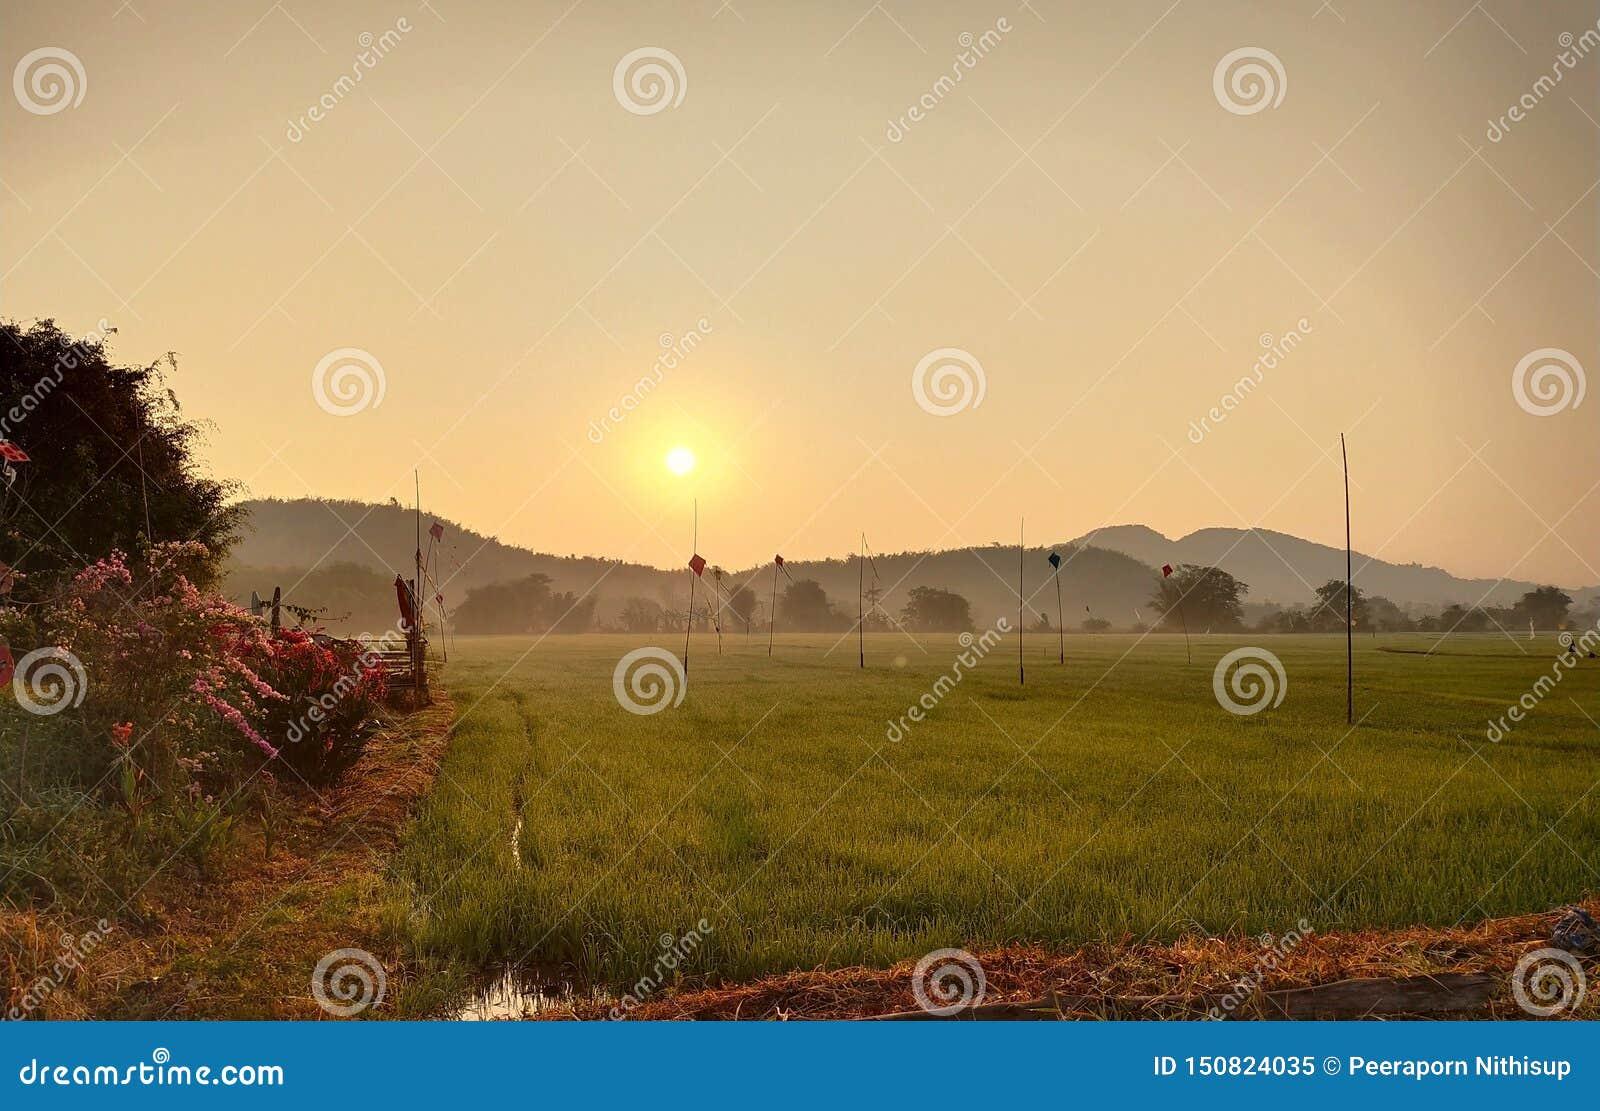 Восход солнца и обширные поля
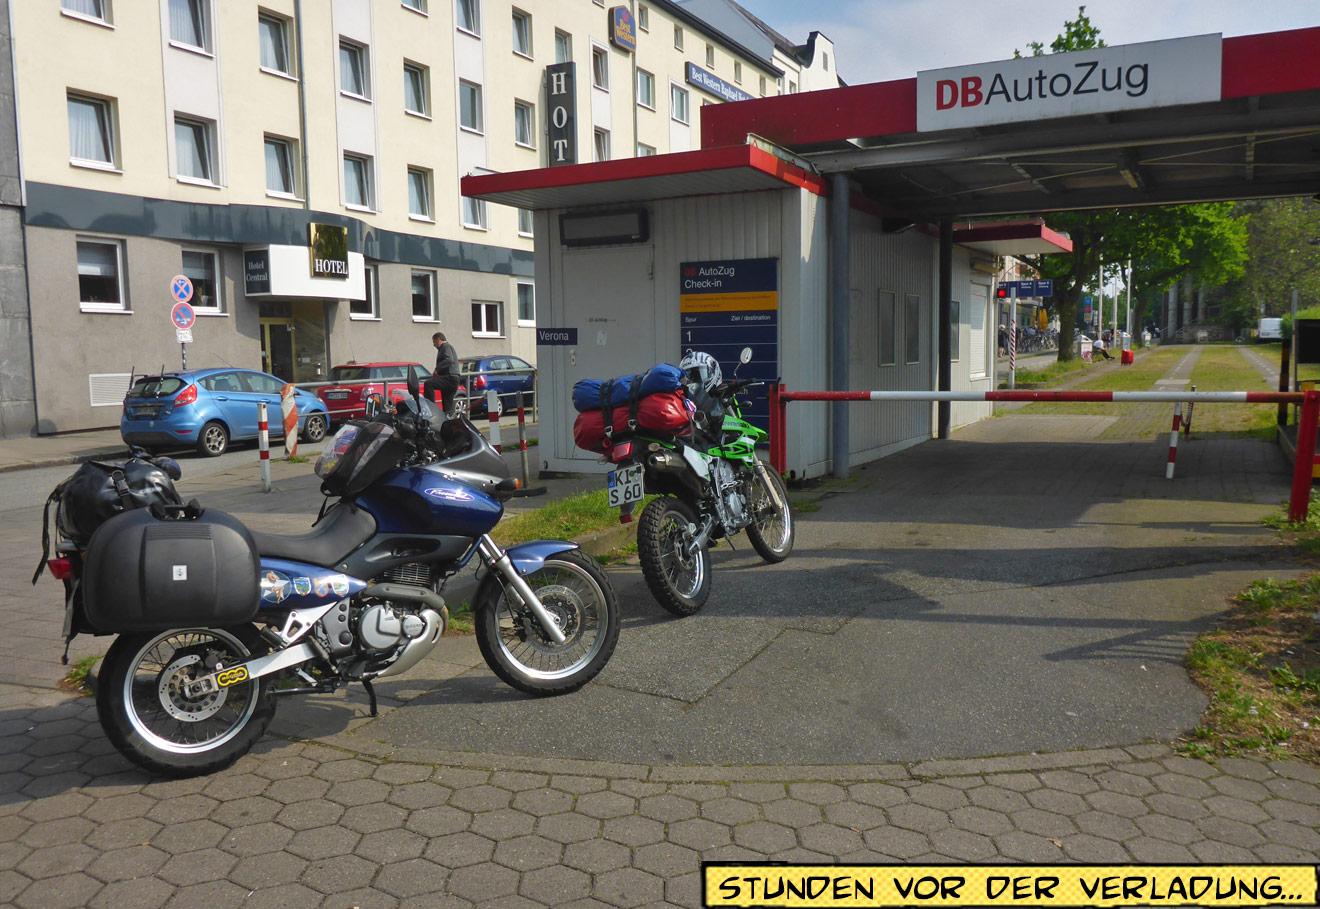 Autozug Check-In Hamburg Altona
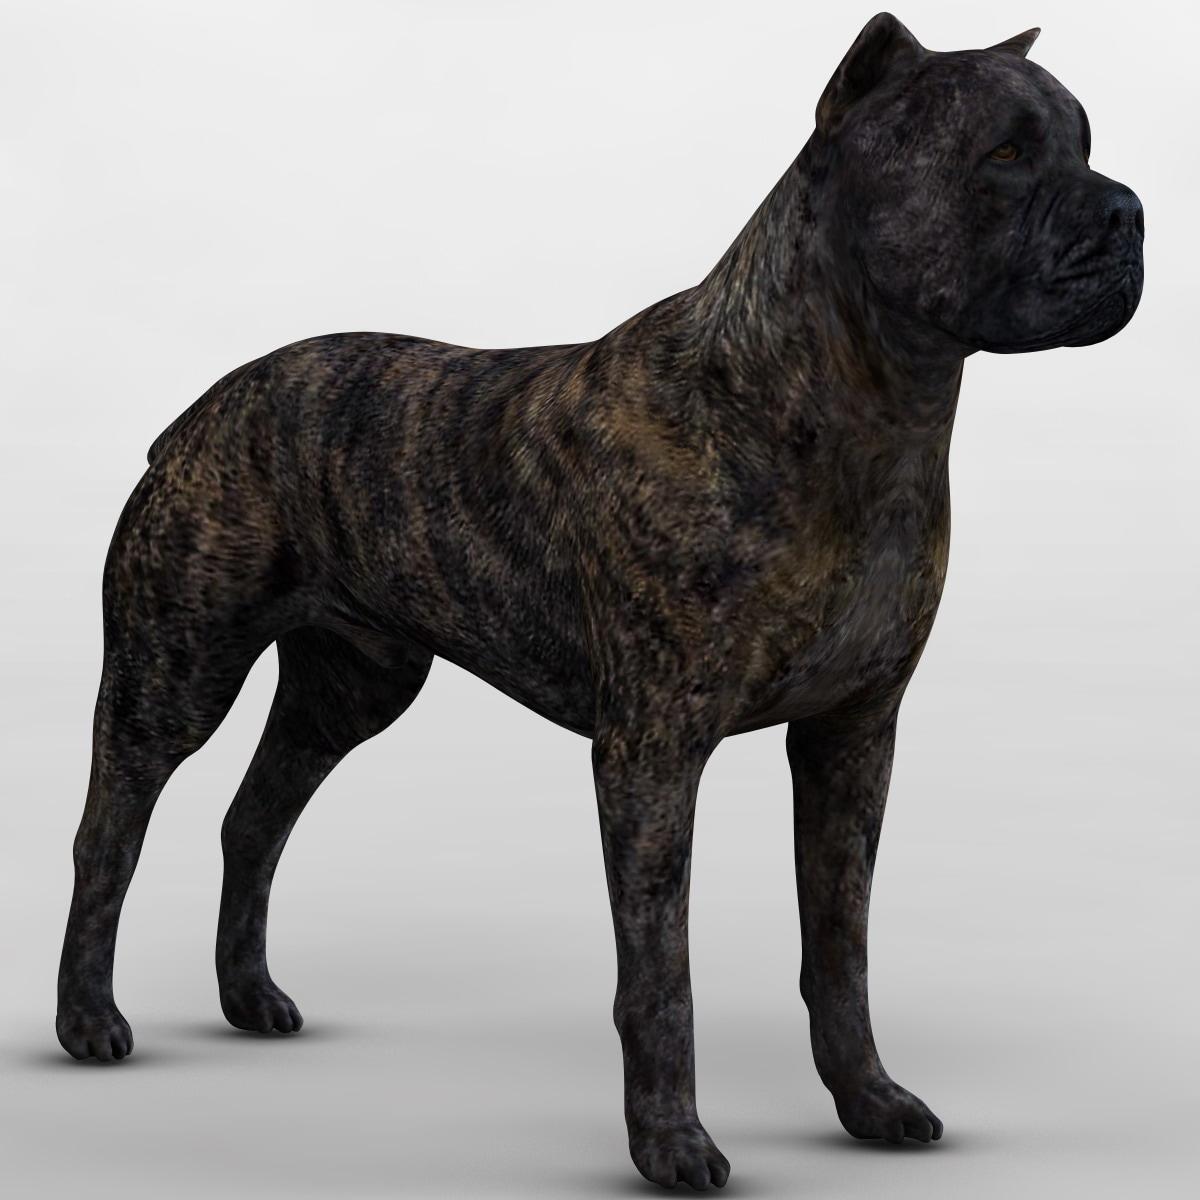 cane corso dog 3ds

.....

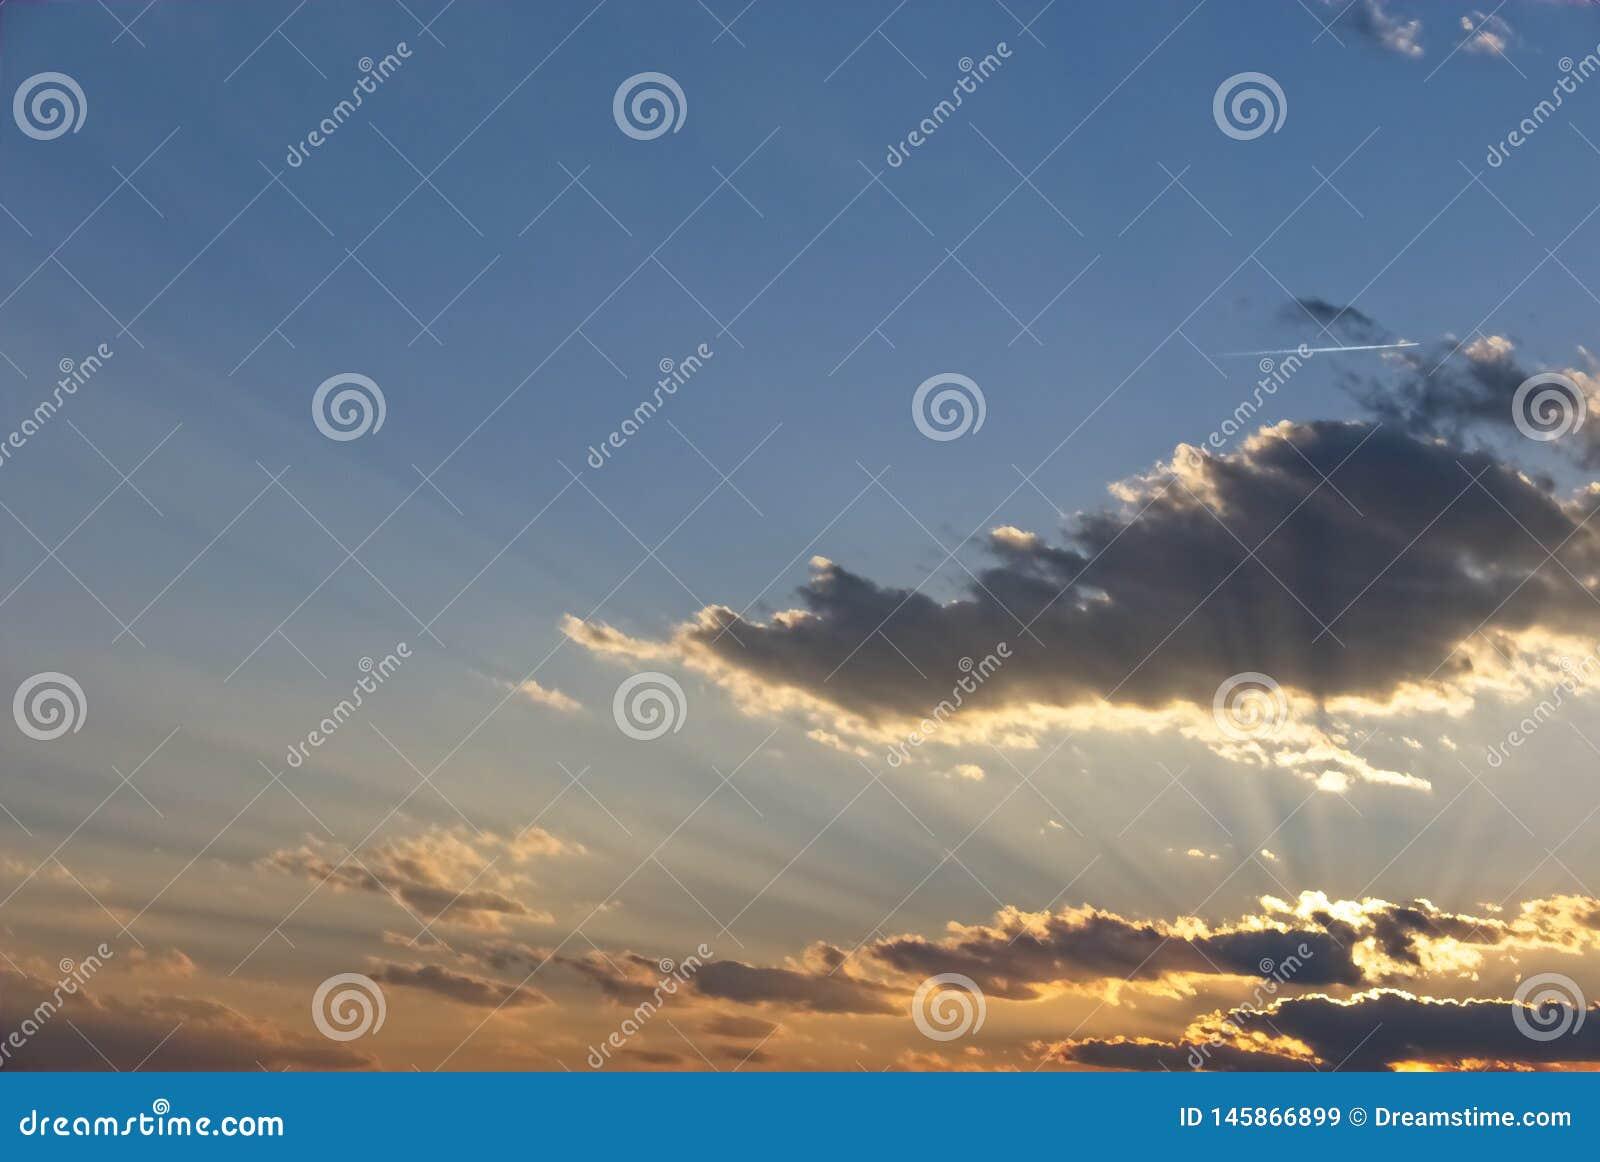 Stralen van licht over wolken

.....

Activity
Above are records with pictures. Reproduce exactly only the lines from the line with "Восход солнца и обширные поля" through the line with "cane corso dog 3ds", both ends included, and leave the pictures out.

Written reply
 Восход солнца и обширные поля
 Autozug Check-In Hamburg Altona
 cane corso dog 3ds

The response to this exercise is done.